The technique for combining endovascular and surgical approaches to treat ICA aneurysms (Figure 1C) has been well described.[1,2,8,10,13,14,15] We treated 12 patients by using an STA-MCA bypass or cervical ICA-MCA saphenous vein bypass graft, and all had excellent outcomes.

Revascularization followed by parent-vessel occlusion was the modality used to treat PCA aneurysms. The PCA aneurysms were difficult to access and their morphology was complex; four were dissecting aneurysms, one was fusiform, and one was a giant lesion. These patients underwent OA-PCA microanastomosis followed by embolization and occlusion of the aneurysm and parent vessel (Figure 3C). One patient underwent an OA onlay instead of a bypass because of a poor-quality recipient artery.

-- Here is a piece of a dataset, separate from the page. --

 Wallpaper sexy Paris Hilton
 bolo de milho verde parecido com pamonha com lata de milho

The technical difficulty involved in the performance of an OA-PCA bypass may be greater than that for STA-MCA, as evidenced by the fact that homonymous hemianopia developed in four patients after PCA occlusion. Nevertheless, this deficit improved or resolved in two patients and was permanent in only one. The postoperative course in three patients treated for PCA aneurysms was complicated by EDH, underscoring the frequent but unfortunately necessary risk associated with heparinization during the endovascular treatment stage.

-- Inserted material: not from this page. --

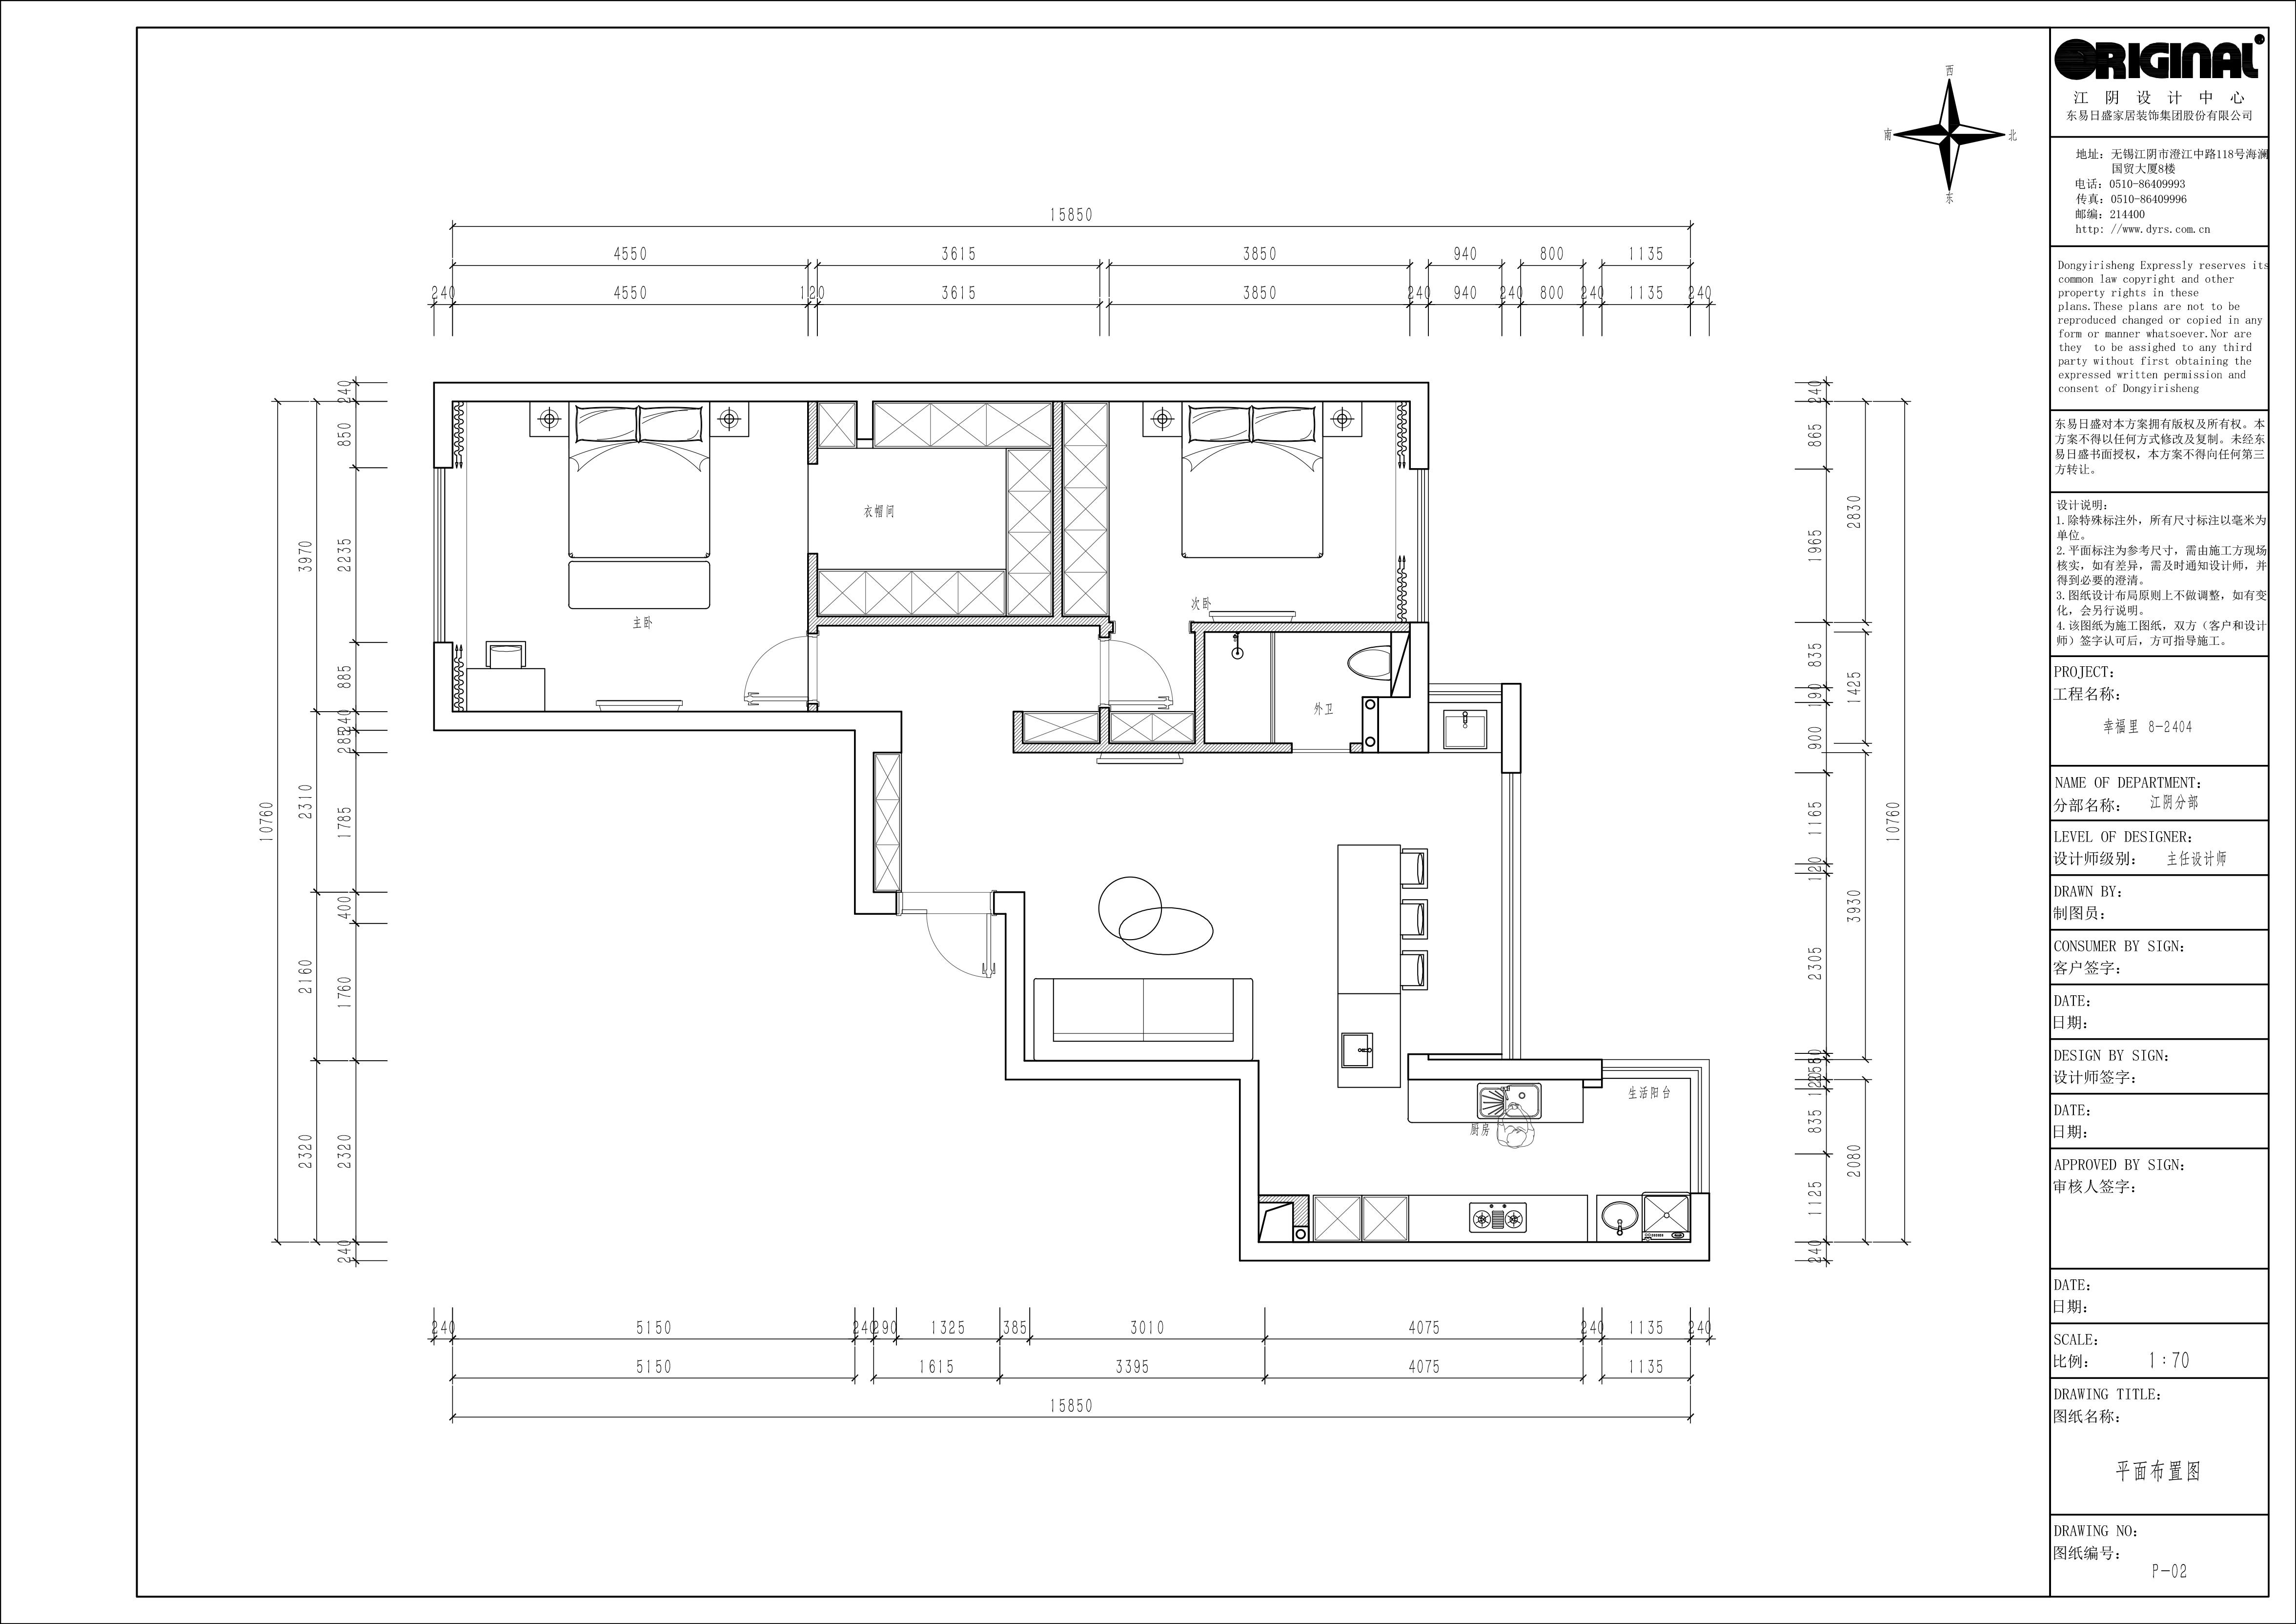 幸福里装修-法式轻奢设计-106平米装修设计理念

Flow-redirection techniques were used for aneurysms involving the BA and the ACAs. When an aneurysm cannot be removed from the circulation, the goal is to alter the hemodynamics at the lesion by changing the direction of blood flow.

The two patients with complex aneurysms involving the trunk of the BA were treated using flow reversal. The first procedure consisted of revascularization through an STA-SCA bypass, followed by a two-stage endovascular treatment. The second patient underwent procedures consisting of unilateral occlusion of the VA proximal to the PICA, followed by contralateral VA occlusion distal to the PICA. The goal in delaying occlusion of the second VA was to provide the graft with time to mature. Ultimately, one PICA depends on backflow from the BA, and this demand is thought to help prevent basilar thrombosis, thus maintaining flow from the bypass to the BA and the brainstem perforating vessels.

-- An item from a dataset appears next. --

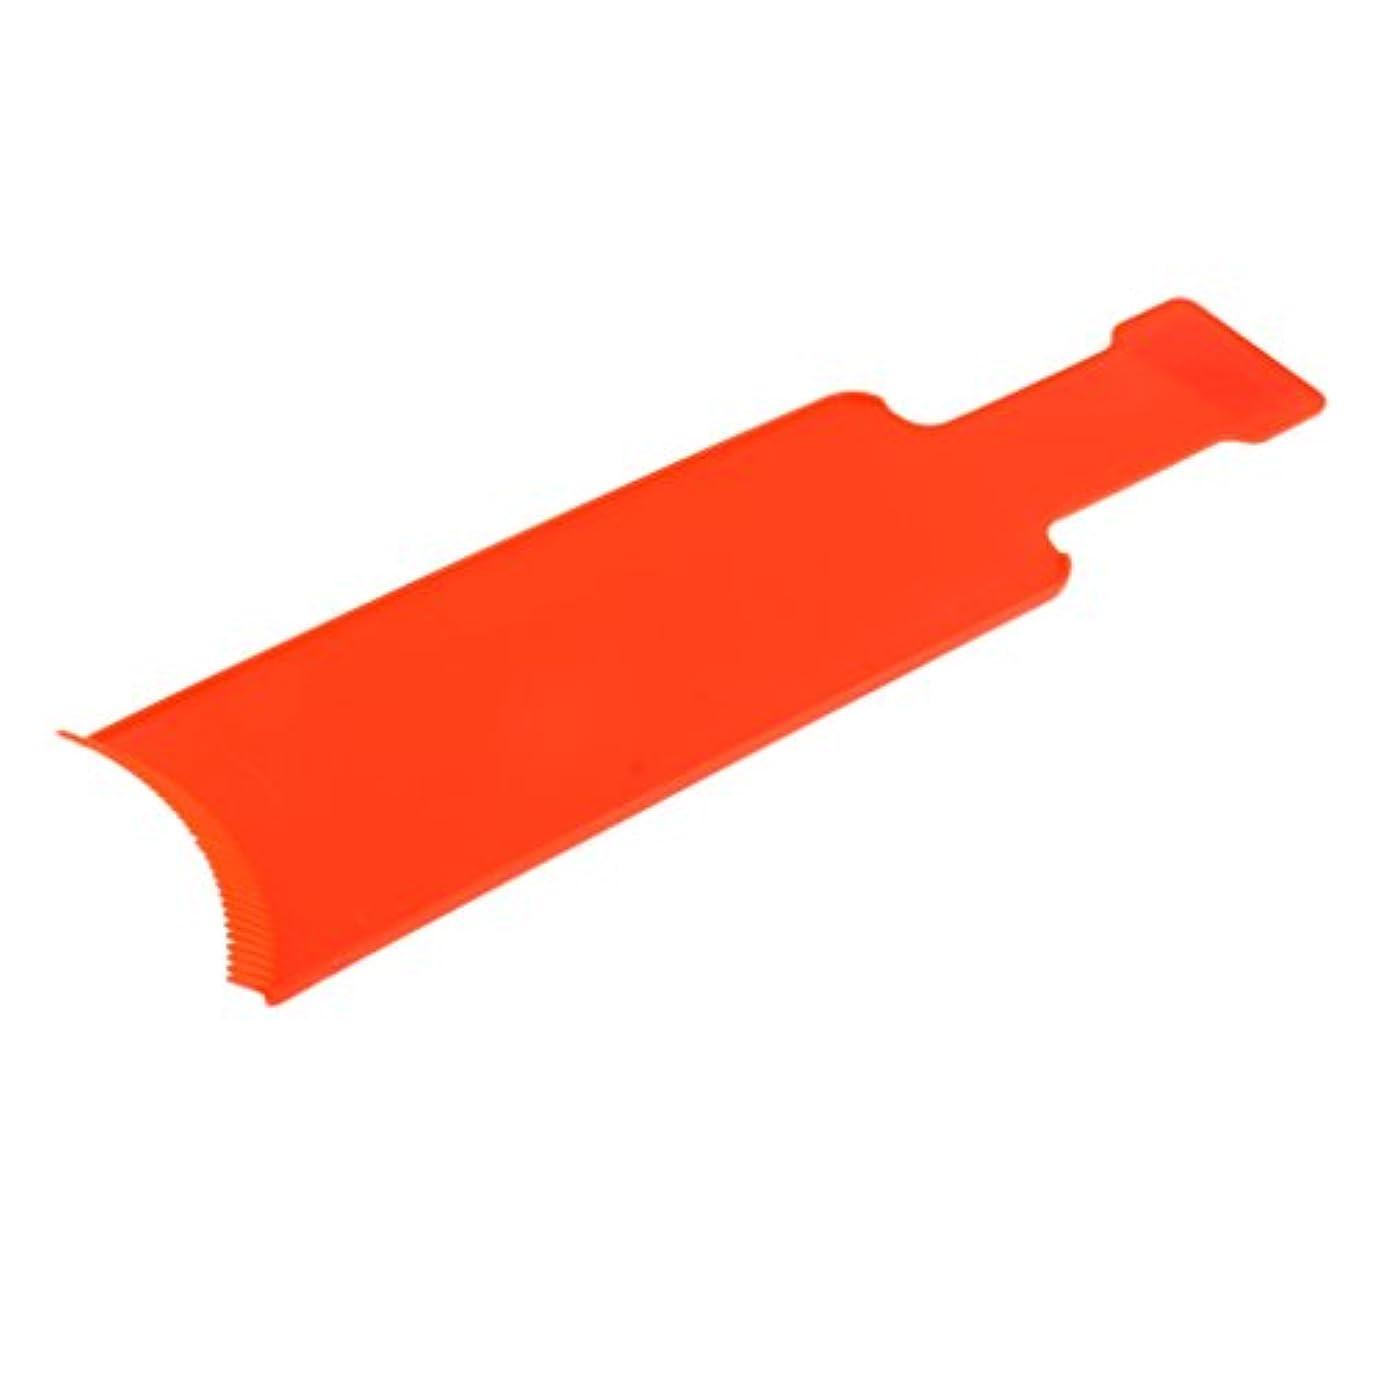 正しいアンタゴニストデッキ染色櫛プレート 染めボード ヘアカラー 櫛 着色ボード ヘアブラシ セルフヘルプ プロ 家庭用 2サイズ2色選べる - オレンジ, L

In both patients for whom this strategy was selected, postoperative EDHs developed, and neither individual survived long enough for the second endovascular procedure to be performed. One patient required a decompressive craniectomy and recovered from this procedure during his prolonged hospitalization. He died 3 months later of a posterior fossa stroke caused by BA thrombosis suffered on the day he was scheduled to undergo the second stage of endovascular treatment. One patient with a basilar apex aneurysm was treated with flow redirection en tailing surgical clip occlusion of the right P1 segment of the PCA, followed by stent placement in the distal BA and left PCA, followed in turn by stent-assisted coil embolization of the aneurysm (Figure 2D). This patient eventually died of an underlying malignancy, although her postoperative course was excellent.

Two patients underwent flow-reversal techniques for ACA aneurysms. One had an A2-A3 aneurysm and the other had an ACoA aneurysm. Both patients underwent A3-A3 bypass followed by endovascular occlusion of the aneurysm and feeding artery.

A combined technique also may be indicated when an aneurysm is amenable to endovascular treatment but the tortuosity of the feeding artery renders access to the lesion impossible. One patient underwent transposition of a tortuous ICA to straighten the segment containing the aneurysm. Stent placement in the parent vessel and coil occlusion of the aneurysm were then possible.